Quello che non è cambiato, invece, è l’utilizzo politico dei profughi siriani. All’inizio, l’idea d accogliere milioni di profughi nacque sostanzialmente per ragioni economiche e politiche. Erdogan pensava che Assad avrebbe perso la guerra nel giro di pochi mesi, forse un anno. Nello stesso tempo, il suo governo avrebbe accolto i rifugiati siriani per due ragioni: ottenere fondi internazionali per i campi e per fermare la rotta migratoria; fare in modo che i rifugiati siriani, una volta tornati in patria, avrebbero reso il loro “ringraziamento” al governo di Ankara appoggiando movimenti filoturchi o comunque legati al governo turco e alla Fratellanza Musulmana. La guerra in Siria ha poi subito una svolta favorevole ad Assad e nefasta per i progetti di rovesciamento dello stesso. Tuttavia, nonostante l’avvio delle procedure di rimpatrio di migliaia di profughi siriani dalla Turchia, in molti, decine, se non centinaia di migliaia, rimangono in Turchia, perché impossibilitati a rientrare o per motivi politici o perché le loro città ancora non completamente liberate dalle truppe dell’esercito siriano, oppure perché lo stesso governo turco non ha alcuna intenzione di rimandarli a casa.

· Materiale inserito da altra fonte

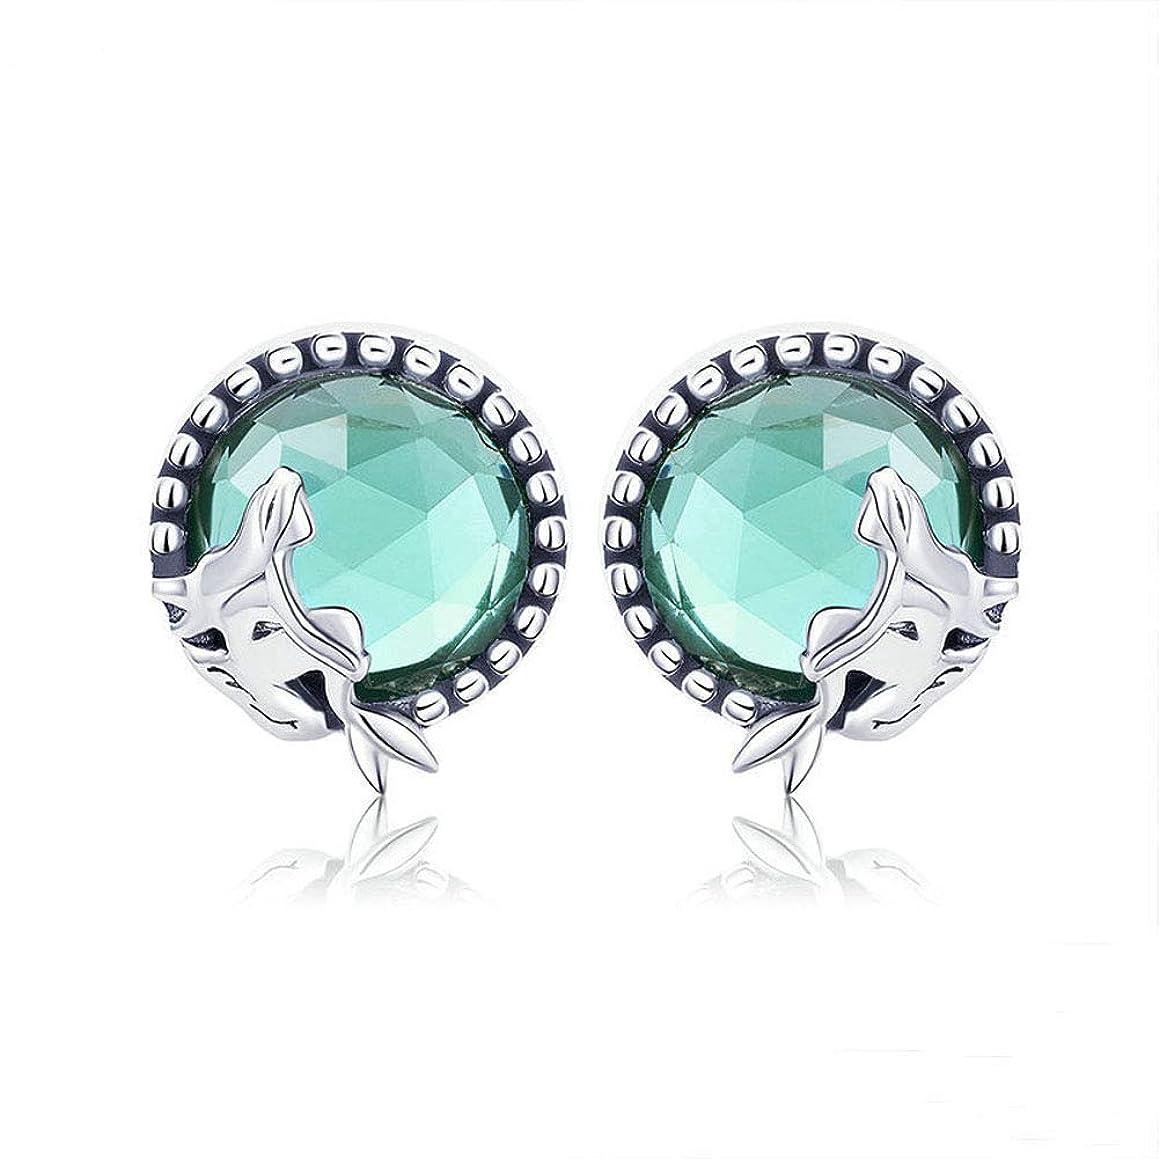 Earrings 925 Sterling Silver Dangler for Women Girls Classic Crystal Ear Hoop (Mermaid)

Come riportava Tpi, già un anno fa, parlando del tema dei rifugiati siriani e della cittadinanza turca agli stessi, quello che sta avvenendo nei campi profughi turchi è una sorta di esperimento di ingegneria sociale. La testata online riportava le parole di un funzionario dell’Alto Commissariato Onu per i rifugiati che ricordava come “Nei campi i ragazzi inneggiano a Erdogan, a Gaziantep le Ong raccontano di percorsi privilegiati per le richieste di cittadinanza dei medici siriani. La gente capisce che non rientrerà a breve, e che pertanto la cittadinanza è una medicina per quello che rischia di diventare uno scenario palestinese”.

In pratica succede quello che molti delle opposizioni temevano potesse accadere, e cioè che Erdogan sfrutti questi milioni di profughi siriani per ricevere finanziamenti internazionali e per influenza la Siria post-bellica, ma soprattutto anche in chiave interna per fare in modo di sfruttare la benevolenza di questi disperati utilizzandoli dove ha più bisogno. C’è chi dice che li voglia trasferire nel sudest della Turchia per insidiare la maggioranza curda. C’è chi dice che voglia sfruttarli come forza lavoro a basso costo e tendenzialmente fedele perché desiderosa di ottenere la cittadinanza. C’è infine chi dice che tutto questo sia solo un modo per depauperare la Siria del futuro di una parte della popolazione, in modo da privarla di manodopera e di popolazione giovane. Basta un dato per comprendere cosa significhi avere questi profughi: sono tre milioni su una popolazione siriana che, ad oggi, arriva a 18 milioni. Praticamente un sesto della popolazione siriana vive nei campi profughi turchi: un sesto di popolazione che è sempre più legata al destino della Turchia.